Don't ask for miracles. Even God only helps those who help themselves, or those who are unable, physically or mentally, to even attempt to help themselves.

And the numbers and alphabets that you want to receive in your result slip, or that you will receive, or that you have received... What about them? The sea of heads divides into two- Happy and sad. Child-like emotions really. We are little kids. Happy girl, sad boy, etc. The list goes on; blurs a little for the indifferent or the careless. Happy girl is a popular bitch who scored distinctions for every subject. So unfair! Did you see the way she dressed?! So what if she worked hard. Her character sucks. Sad boy is a good boy, a nice boy, hardworking and shy, with a broken home, a broken heart and a crumpled result slip. So poor thing. What happened? What do we say to him? So unfair!

The rumours go on and simplifies itself so that a muffled buzz of its countless stereotypes (popular, bimbo, himbo, blur queen, geek...) and hypocrisies are enough for the lighthearted to sigh with gratefulness that it was not them. Thank god it was not them. But do they matter? Does it matter? If it is not them today, it might be them tomorrow.

Better to do well than to do badly? They don't tell you how horrible it feels to do well when those you love and care about do terribly. How wrong it seems, to be happy, when every few steps you walk, the world of another stranger collapses before your very eyes. Its not your fault. What can you do? They tell you to work hard to secure a future for yourself. They forget to tell you that it will get lonely on top. They tell you to work as a team and do well as a team. No one ever listens until the guilt and pity and smug self-satisfaction that "I worked harder" seeps in all at once. They don't tell you that you are on your own the moment that flimsy paper is in your hands. Were you always on your own?

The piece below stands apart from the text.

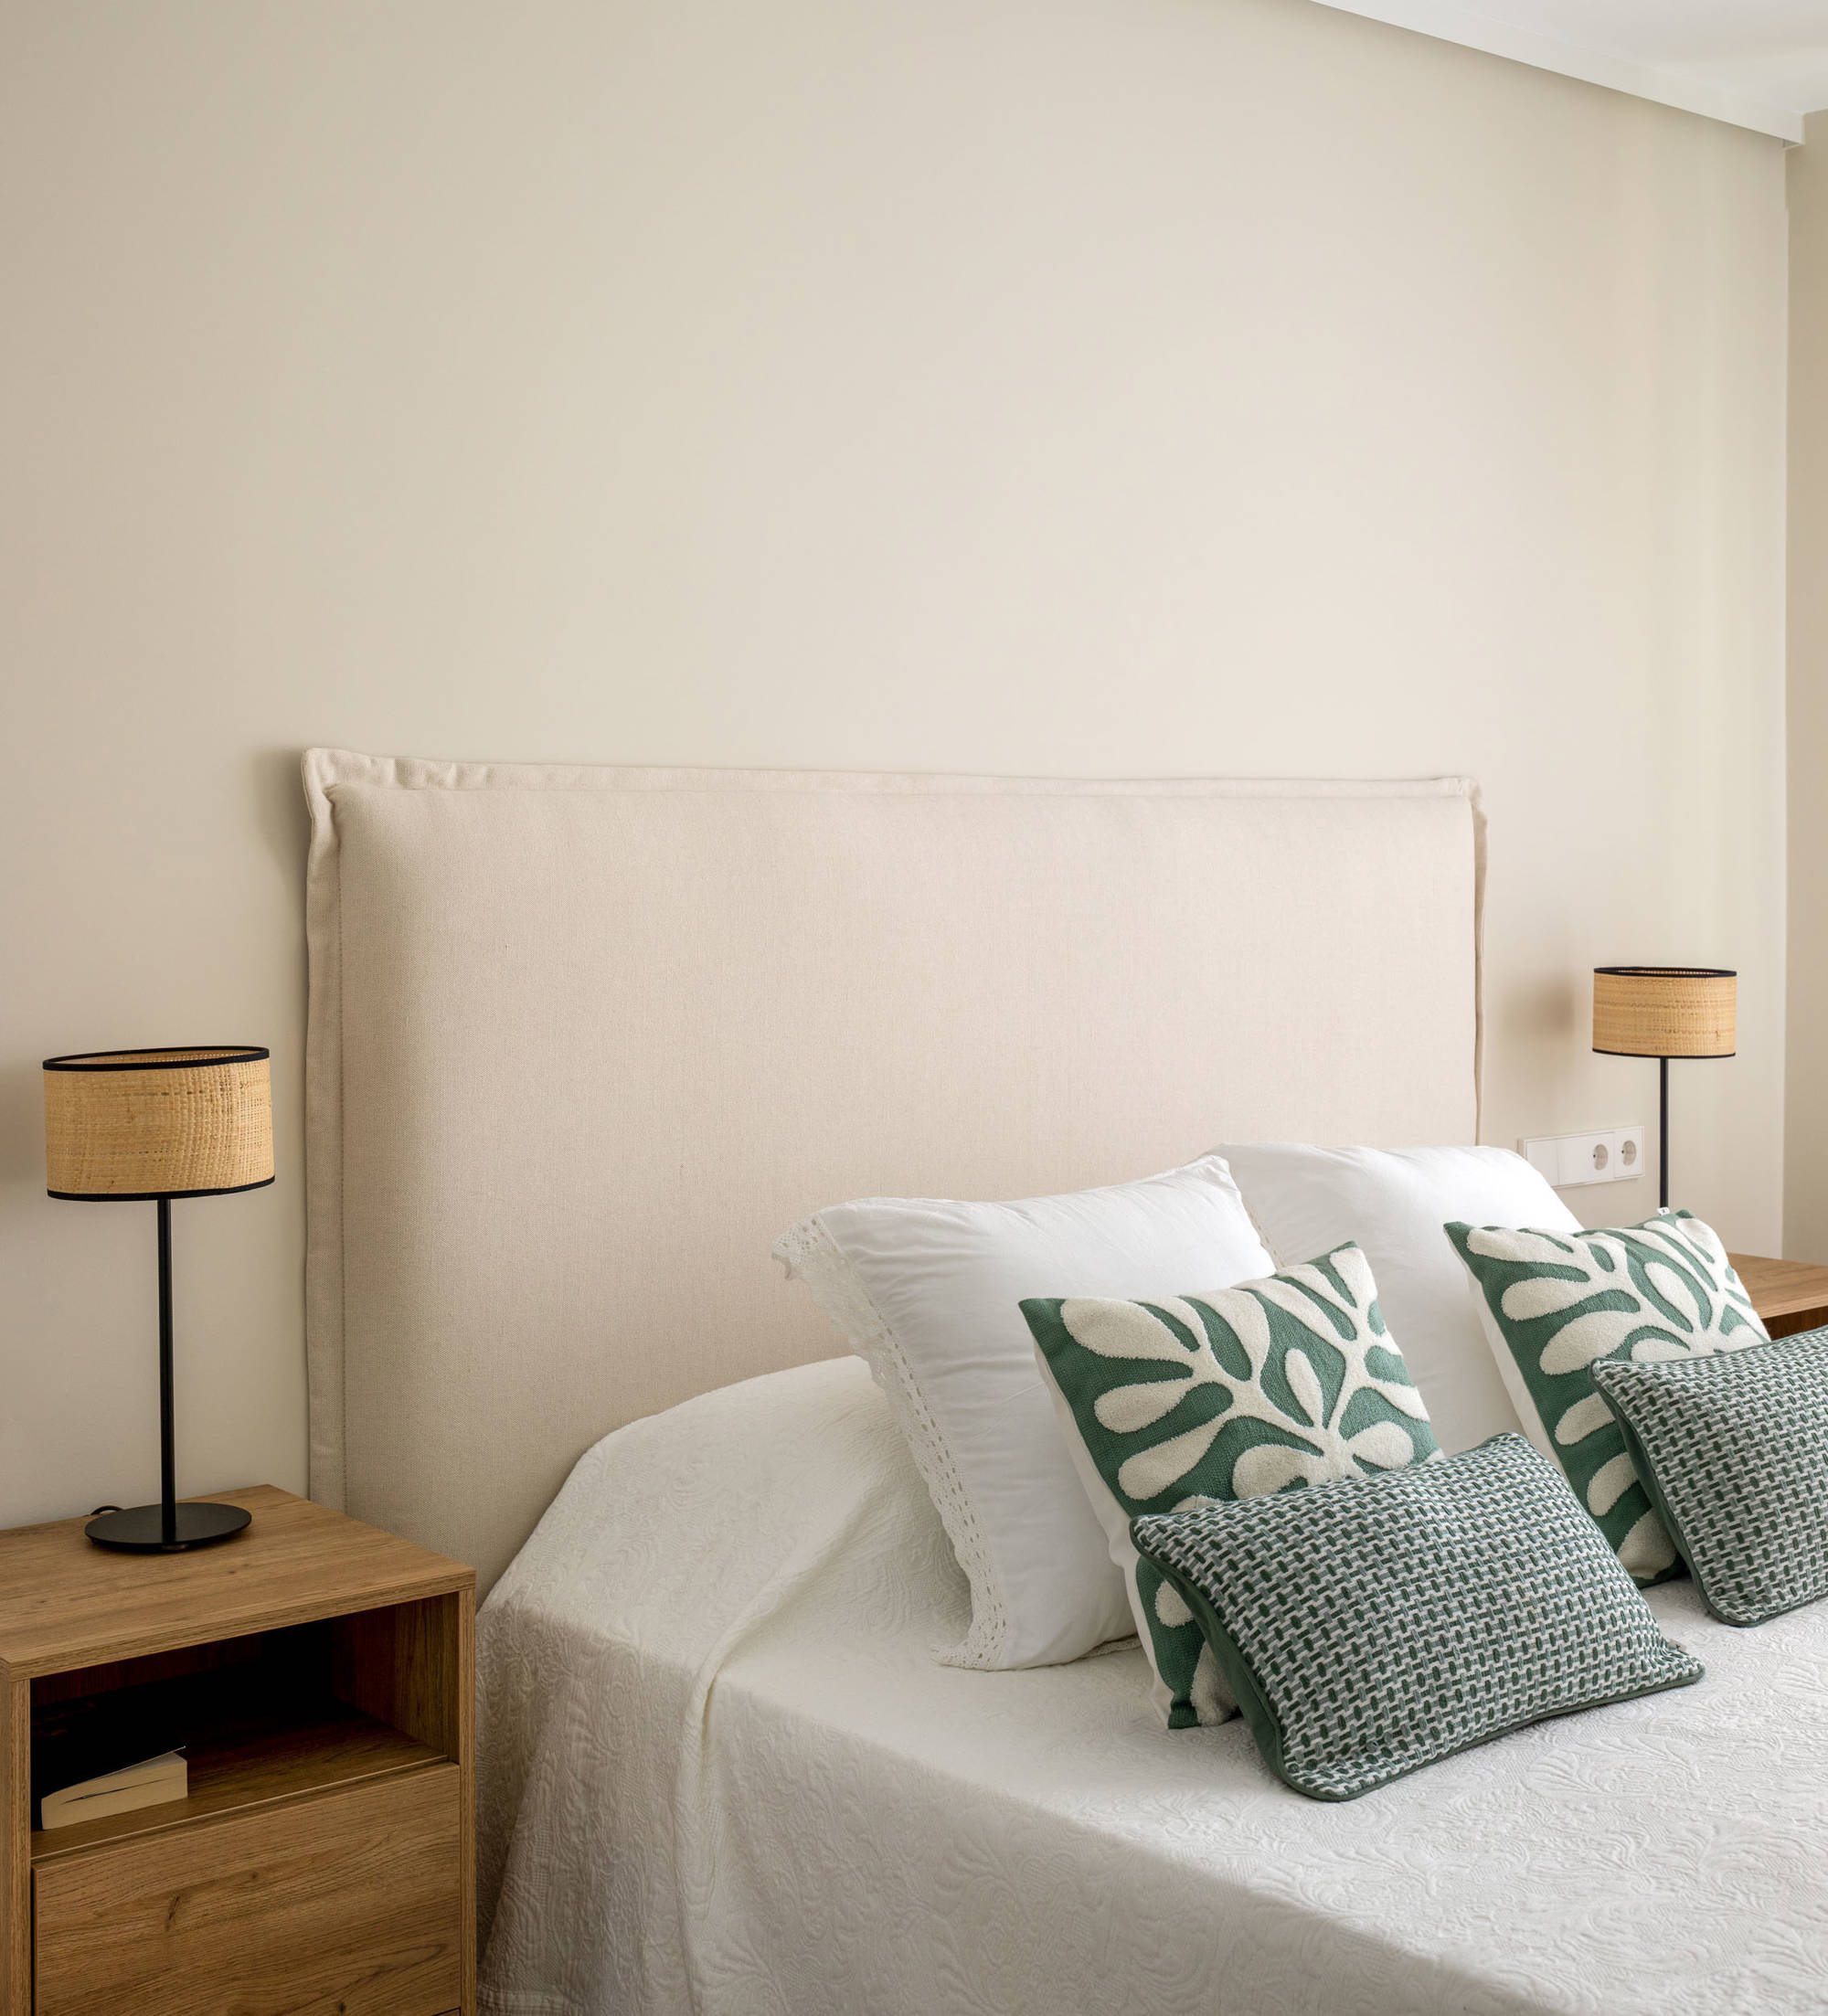 Dormitorio con mesitas de madera, cabecero tapizado y cojines verdes.

Results. Do they matter? Does it matter? Only as much as you want them to. Only as much as you allow them to.

May or may not, may or may not be... If everything can change simply through one's sense of perspective, in how one chooses to view things, then let us remember that we have to be brave and persistent in order to keep our dreams alive, no matter what happens. A man is nothing without his dreams. They will tell you that everybody is equal. They forget to tell you that sometimes, more often than not, you will have to fight for your own portion of equality and happiness. Is it to prove that we are entitled to them?

I know you have a little light, a little life in you left. I know you can be who you want to be- someone who can and who will make a difference in this world- no matter what the hell they tell you. But how badly do you want it? Will you fight for it?